В газете, в списке награжденных орденами, напечатано имя Чернышева Павла Петровича. Евдоким и Евдокия только собирались написать поздравление, — а от Павла письмо из госпиталя: ничего, мол, серьезного, рана пустячная, потерял немного крови, но ему сделали переливание, и он уже поправляется. Хорошо, коль правда!.. Он просит не беспокоиться, только писать почаще. Что-то от Клаши редко приходят письма… Тут Клавдия отводит глаза, а Евдокия вздыхает потихоньку. Уже два раза приходил тут какой-то в модном пальто, с черными усиками, ничего, приличный, вежливый — встретив Евдокию в сенях, посторонился и поднял шляпу… Но Евдокия готова побожиться, что брови у него подбритые, как у женщины, и не понравился он ей, бог с ним! Она спросила Клавдию:

— По делу приходил?

— По делу, — так же коротко ответила Клавдия, и весь день они не разговаривали — дулись друг на друга.

После этого красавец с подбритыми бровями больше не показывался.

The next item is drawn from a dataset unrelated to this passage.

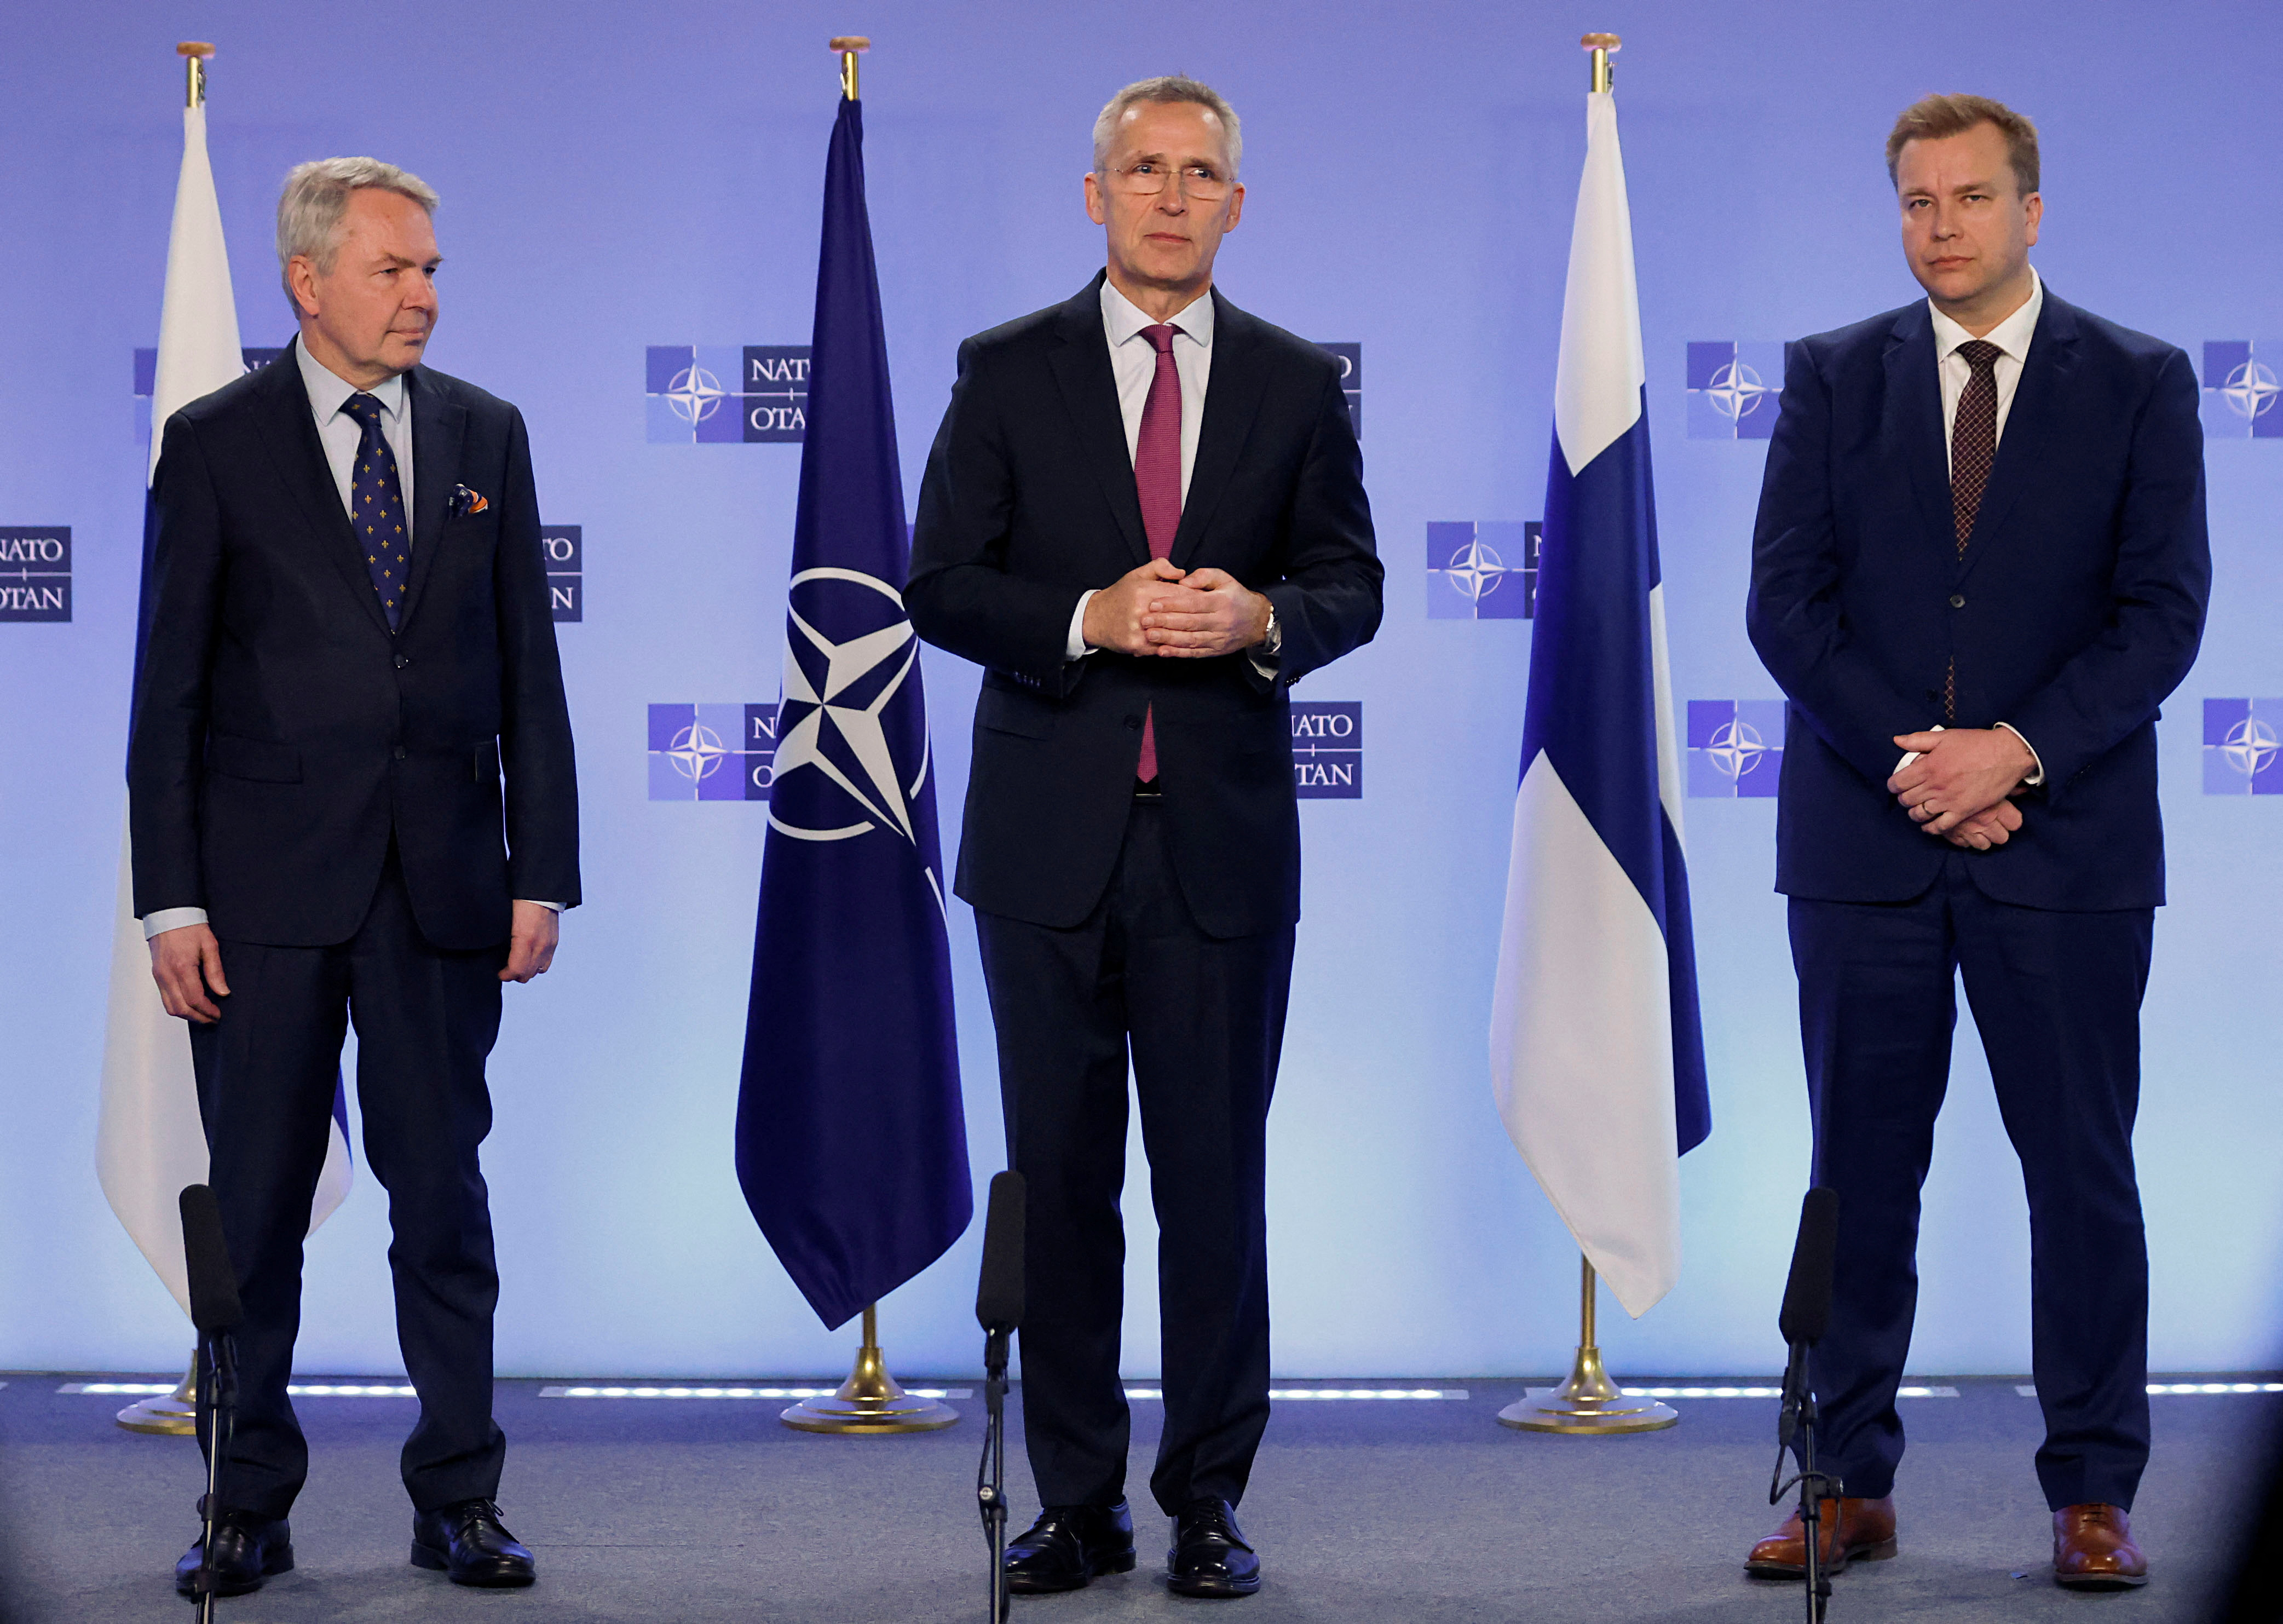 El Secretario General de la OTAN, Jens Stoltenberg, se reúne con el Ministro de Asuntos Exteriores de Finlandia, Pekka Haavisto, y el Ministro de Defensa, Antti Kaikkonen, en la sede de la OTAN, Bruselas, Bélgica, 20 de marzo de 2023. REUTERS/Johanna Geron

Зато Клавдия совсем перестала бывать дома по вечерам.

И еще большая неприятность. Евдокия недоглядела и Катину меховую горжетку побила моль. Катя думала сделать из этой горжетки воротничок и муфту, а моль проела три плешины на самых видных местах, и Евдокия ума не могла приложить, как написать Кате об этом несчастье.

Москвичи, ленинградцы, киевляне разъехались по своим местам. И профессор со своими тараторками уехал осенью сорок четвертого года. Все четверо горячо благодарили Евдокию за гостеприимство — да, подумайте, эти вздорные старухи тоже благодарили ее со слезами на глазах и целовали, счастливые, что возвращаются домой. Евдокия собирала их в дорогу и связала на память профессору шерстяные носки.